For some other collateral assets, only some whitelisted addresses could be allowed to participate in the liquidation of unhealthy vaults.
In both cases, governance can choose which addresses are whitelisted and whether to keep the whitelist or not.
Having a whitelist on the addresses which can borrow agTokens and interact with the borrowing module can serve different use cases.
The whitelisting of addresses who can borrow agTokens can be used to deploy specific collateral types (like real-world assets for example). In this case, governance may need to keep tight control on who can borrow to avoid exploits.
A DAO or a company could have a significant amount of a specific token. With this whitelisting feature, the protocol would build a tailored vault type, with specific parameters and potentially pre-defined spending conditions of the loan.
Let's say that a company has ETH in reserves, and wants to provide liquidity in the agEUR/USDC Uniswap V3 pool. In this case, we could imagine a specific vault type that could only use the borrowed funds to provide liquidity to the UniV3 agEUR/USDC pool with a pre-defined ratio.
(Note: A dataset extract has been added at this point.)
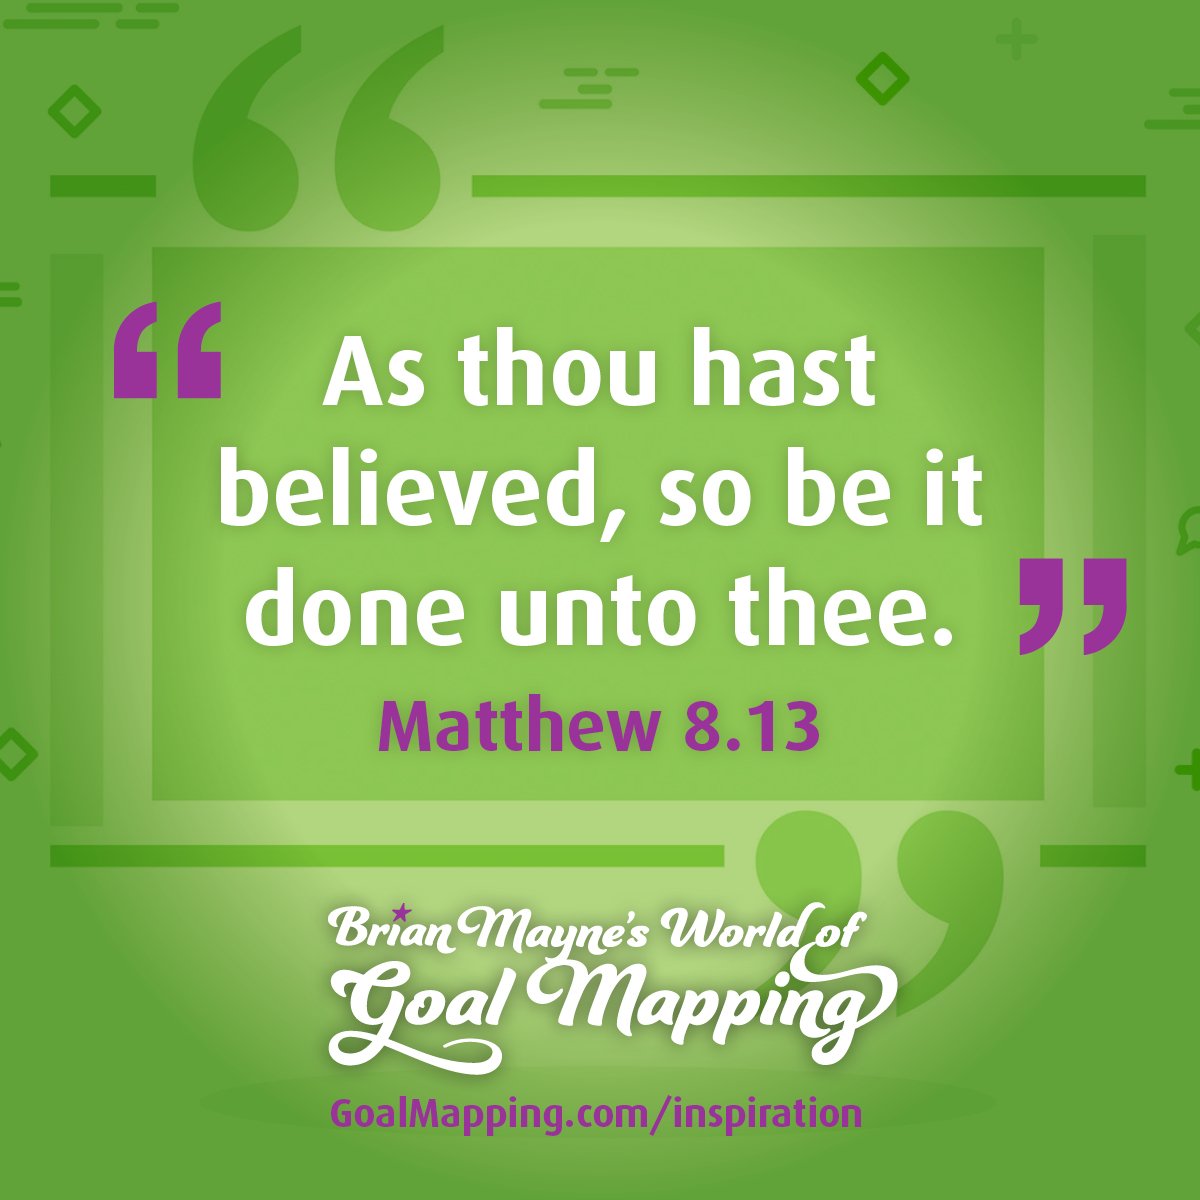 "As thou hast believed, so be it done unto thee." Matthew 8.13

In this case, this vault could benefit from a higher collateral factor or a lower stability fee for example.
We can also imagine the case of a DAO with governance tokens reserves. In this case, the DAO might want to benefit from the use of a stablecoin for its operations, or to invest it in pre-defined strategies. The protocol would be able to build a tailored vault, that would allow to borrow agEUR from this governance token, but at a lower collateral factor.